§ **Aim of the task**
Copy each line below as written, but skip the pictures.
=== Given material ===
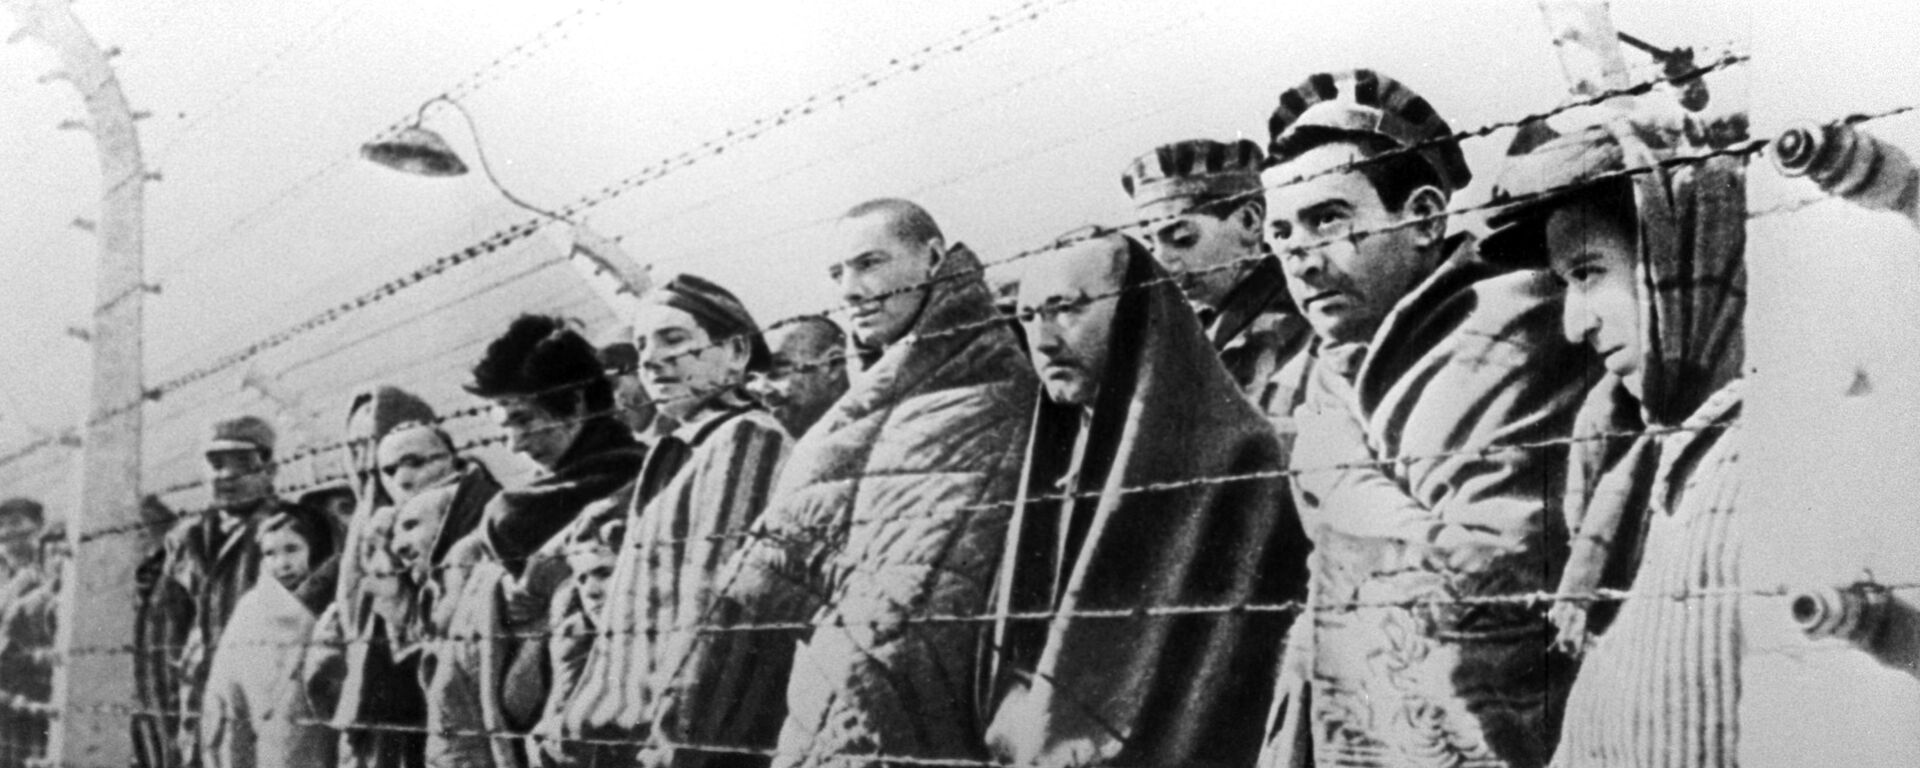 Uzniki konsentratsionnogo lagerya Osvensim, osvobojdennie voyskami Krasnoy armii v yanvare 1945 goda - Sputnik O‘zbekiston, 1920, 04.02.2020
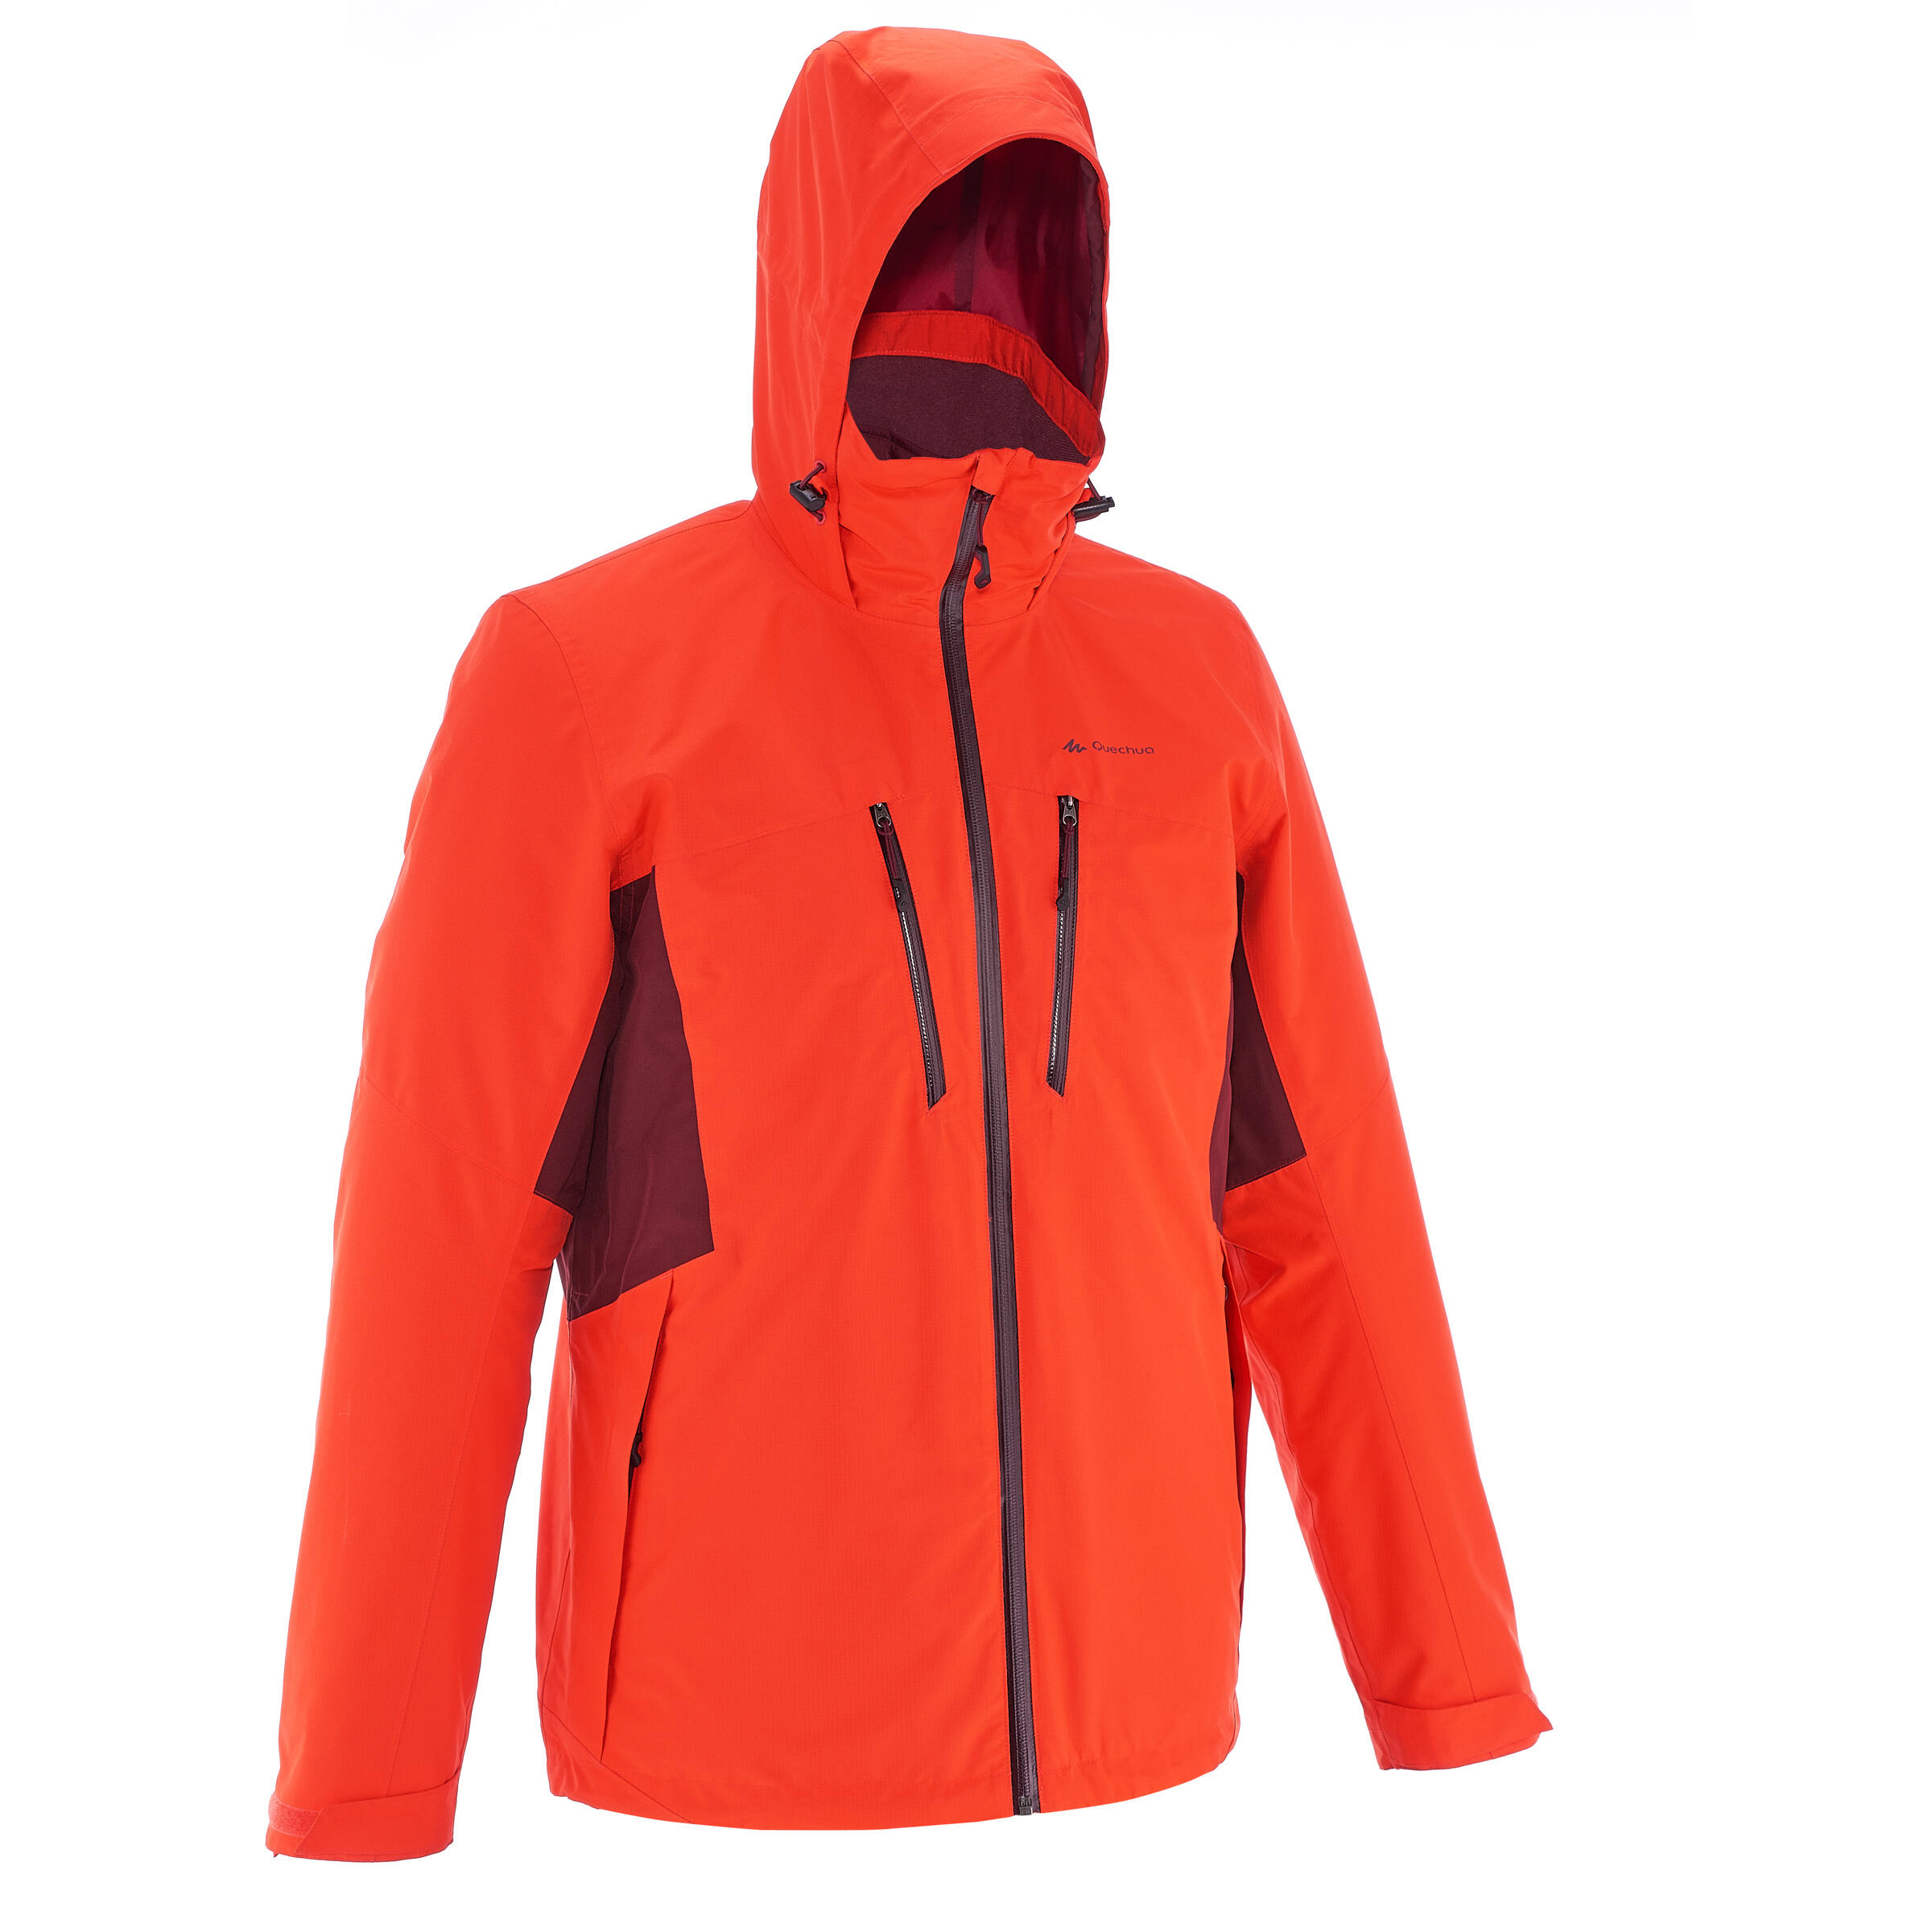 Rainwarm 500 3-in-1 Men's Trekking Jacket - Red 2/17
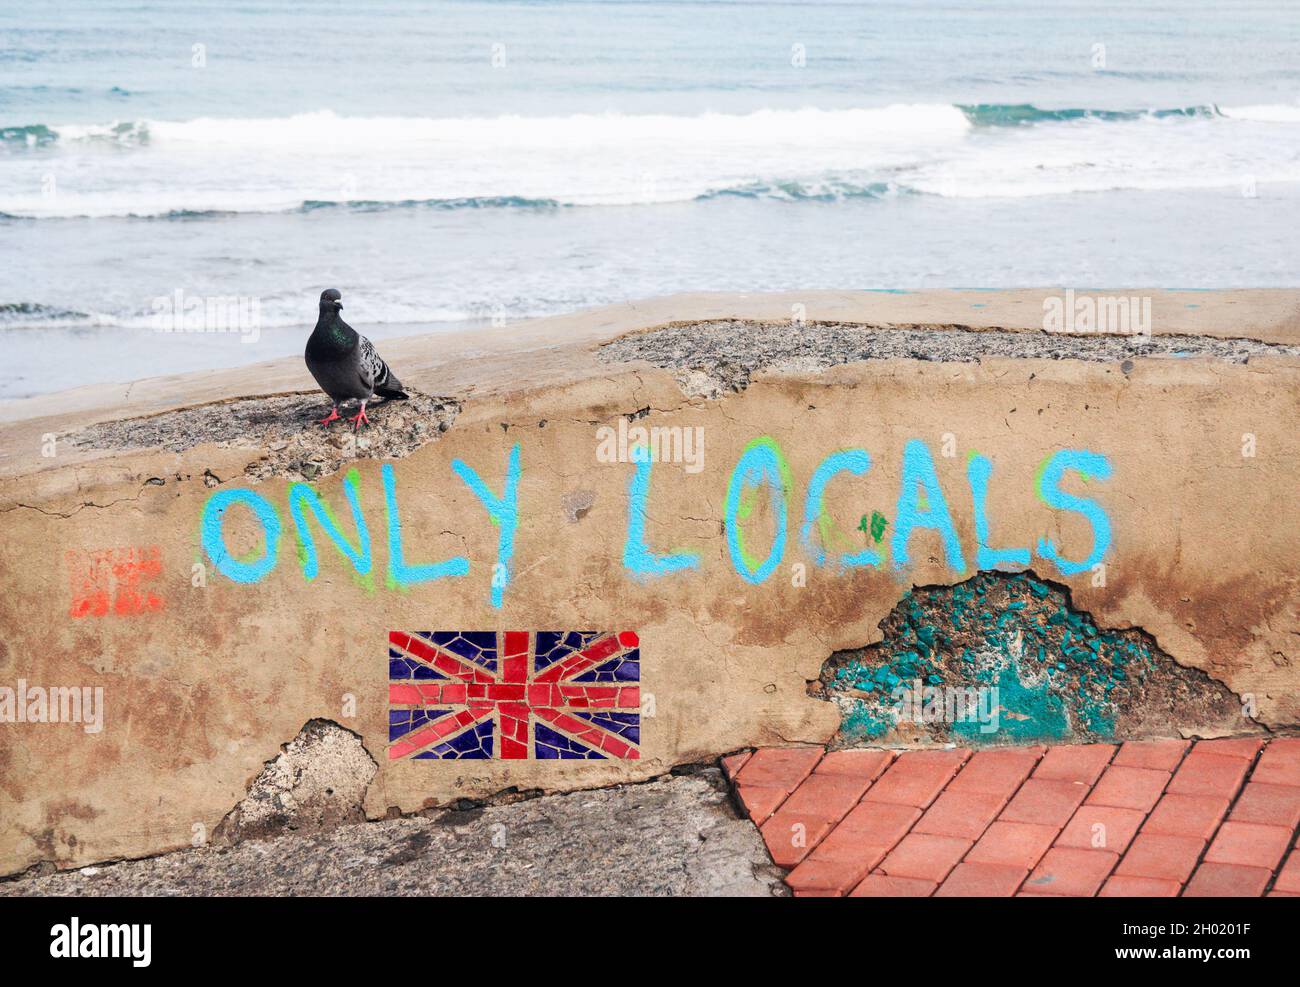 Seuls les locaux et le drapeau britannique Union Jack sont peints sur le mur de la mer.Brexit, immigration, Grande-Bretagne mondiale, contrôle des frontières, migrants en mer... Banque D'Images
===
§ **Task output**
 Uzniki konsentratsionnogo lagerya Osvensim, osvobojdennie voyskami Krasnoy armii v yanvare 1945 goda - Sputnik O‘zbekiston, 1920, 04.02.2020
 Rainwarm 500 3-in-1 Men's Trekking Jacket - Red 2/17
 Seuls les locaux et le drapeau britannique Union Jack sont peints sur le mur de la mer.Brexit, immigration, Grande-Bretagne mondiale, contrôle des frontières, migrants en mer... Banque D'Images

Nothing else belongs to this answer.